Like many young men who labored through youth football leagues, high school competition and eventually the college gridiron, Gino Gradkowski had visions of reaching the pinnacle of his profession and playing in the NFL. But Gradkowski — whose dream became reality when the Ravens used the first of two fourth-round picks in April's draft to select the Delaware product — conceded that there was one facet that gave him reason to pause.
"You hear the horror stories about the NFL, about the guys who tell you the wrong thing or just won't talk to you at all," the rookie center-guard said. "But it hasn't been like that at all. [Guard] Bobbie [Williams], [center] Tony Wragge, all the veteran guys we have around here are great guys. They're all willing to help."
One of those teammates who could be pivotal in Gradkowski's development is Matt Birk, the 36-year-old center who is in the midst of his 15th training camp in the NFL. Birk is the undisputed starter, but with age and durability issues looming, the sentiment inside and outside the organization is that Gradkowski is poised to become the starting center of the future.
Birk has been bothered by neck, elbow and knee injuries in three seasons with the Ravens, but he has not missed a game. In 2010, he played despite a swollen knee that had to be drained at least once a week. He sat out a good portion of last year's preseason after undergoing surgery on his left knee.
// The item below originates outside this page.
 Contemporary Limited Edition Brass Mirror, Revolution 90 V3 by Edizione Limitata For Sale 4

Birk was absent from a few minicamps this offseason after undergoing surgery to repair varicose veins in his legs. He said the procedure could benefit his leg strength during a rigorous 16-game schedule.
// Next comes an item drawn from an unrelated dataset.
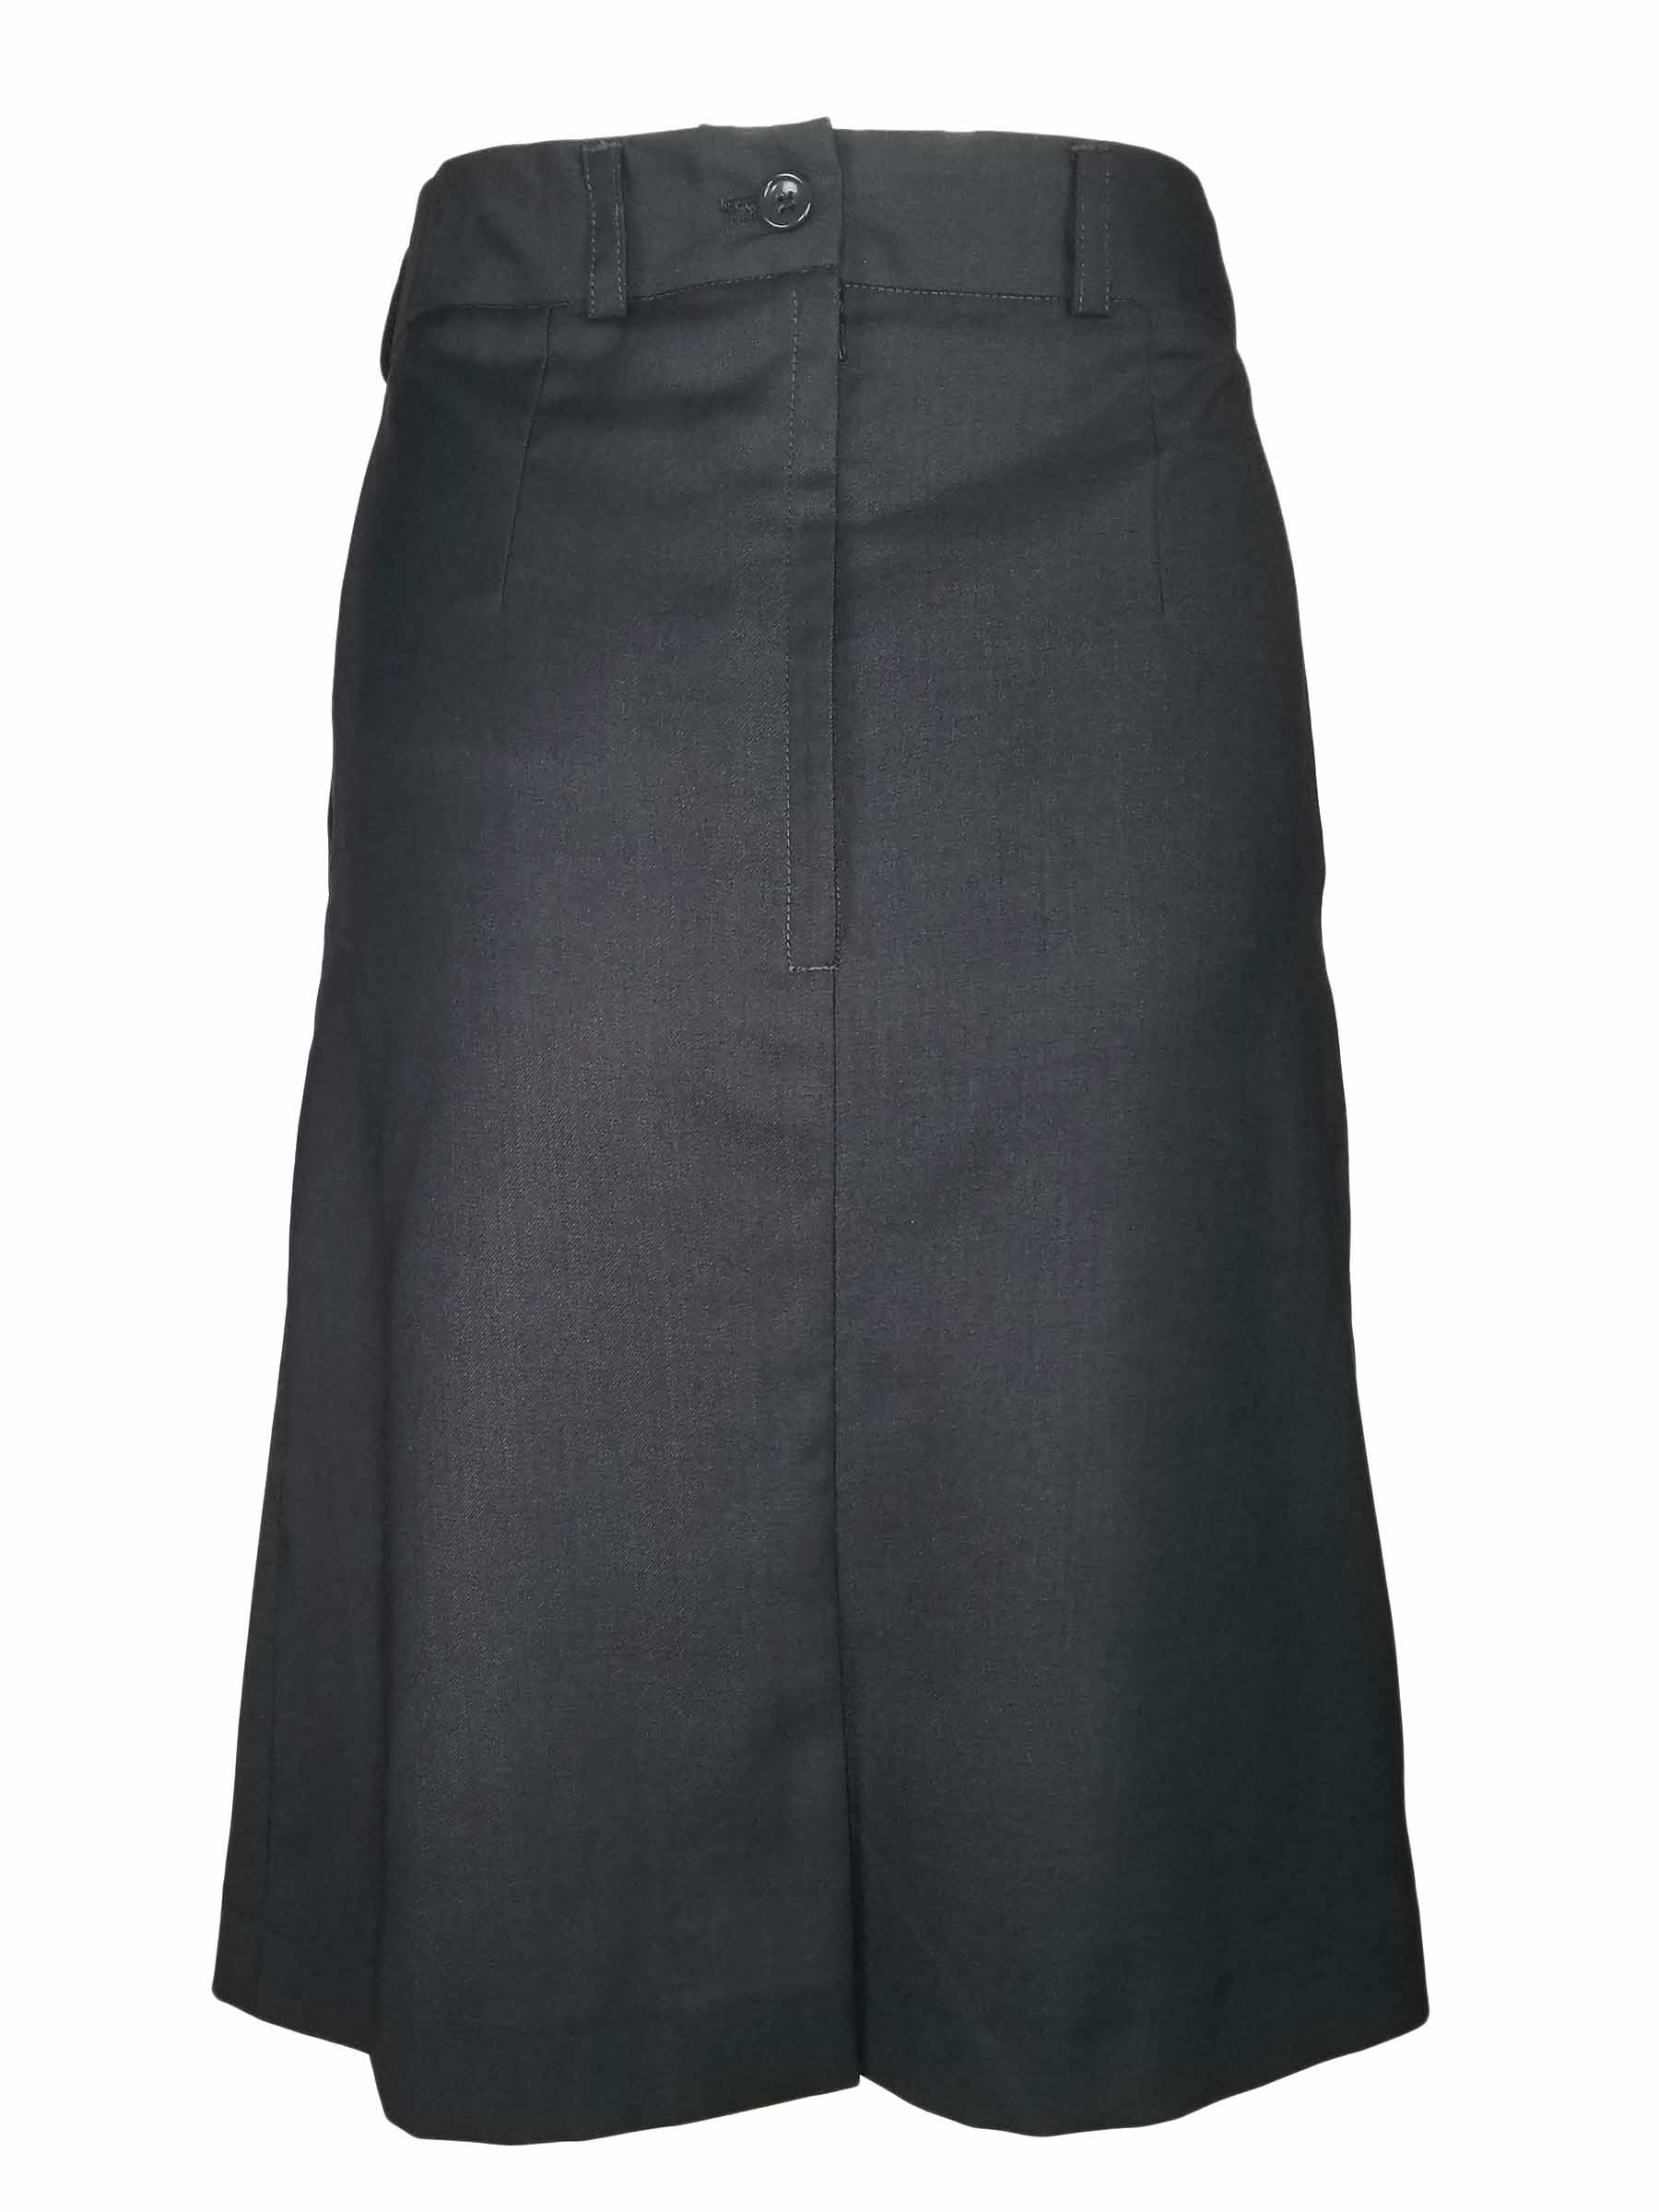 A-Line Skirt - Charcoal Wool Blend - Uniform Edit

"I feel better," Birk said. "[The doctors] say it'll help me feel better during the season. My leg won't get as fatigued. So it's a good thing."
Mentoring younger players is not an unfamiliar task for Birk. In 2008, his final season with the Minnesota Vikings, Birk counseled a sixth-round project in John Sullivan, who is now the Vikings' starting center and signed a five-year contract extension worth a reported $25 million in December.
With the Ravens, Birk has worked with Chris Chester, Bryan Mattison and Justin Boren. Now he gets a chance to tutor Gradkowski.
Birk said his objective is not to replace a coaching staff that includes offensive line coach Andy Moeller and assistant offensive line coach Todd Washington. In fact, Birk said he usually opts for a hands-off approach.
"[I've learned] just try to stay out of the way. Don't try to suffocate the guy," he said. "We have coaches. Coaches are going to coach and they are going to do a job, and that's their job. I have a job to do as a player, just little things here and there, maybe little technique things.
"I think it's most important — for any type of player, but especially a young player — when there's something they just aren't getting and they ... really get down on themselves, just tell them it's OK. Encourage them. Try to address the problem and try to fix it. But most of the time with guys who are really competitive, it's just settling them down and getting them to relax a little bit and not [try] too hard."
Gradkowski said Birk's door has always been open to him, Boren and Cecil Newton, who was a member of the team's practice squad last year.
"Any time I go up to him, he's open about that, letting me ask him questions and things like that," Gradkowski said. "It's not a constant thing, and it doesn't need to be. Anytime I need help, I know I can go to him and he'll help me out. That's a great feeling."
Birk is in the delicate position of counseling Gradkowski while also maintaining his status as the starting center. It would seem to be an area of contradiction, but Birk said he is reminded by the teachings that several Vikings players gave him when Minnesota drafted him in the sixth round in 1998.
"I remember the way that [center] Jeff Christy and [left guard] Randall McDaniel and [tackles] Todd Steussie and Korey Stringer and those guys looked out for me and kind of helped me along," Birk said. "Eventually I replaced Jeff Christy. So it's just part of the deal. It's how this thing works, but I still remember what those guys meant to me and my career and how fortunate I was to learn from guys that really were the best at their positions. I just try to be a resource for Gino and for any of the young guys and help them along because they are going to have bumps along the way, especially early on in training camp."
Birk's longevity has helped him accumulate loads of advice and pointers on how to play the center position. Nearly as significant, coach John Harbaugh said, is how Birk has successfully navigated the pitfalls of being a professional athlete.
"A player can give him some ins and outs through his career, and it's not just football," Harbaugh said. "It's probably how to approach becoming a pro and all that. It's really important. It's also important to have a great O-line coach. Andy Moeller does a great job. All those young offensive linemen are benefiting from the veterans, and the veterans are benefiting from the young offensive linemen pushing them. We have a good situation there."
Birk said he has already noticed Gradkowski making strides in his grasp of the blocking schemes and formations and developing a foundation upon which to build. That should come in handy for Gradkowski, but the 23-year-old younger brother of Bengals quarterback Bruce Gradkowski isn't buying into the hype that he is Birk's heir apparent.
"I don't really think about it too much," he said. "Matt Birk is one of the greatest centers in the game today, and he's been in the game for a long time. So I know I still have a long way to go before I can fill his shoes. I try not to think about it like that, because Matt's a great player and I still have a long way to go."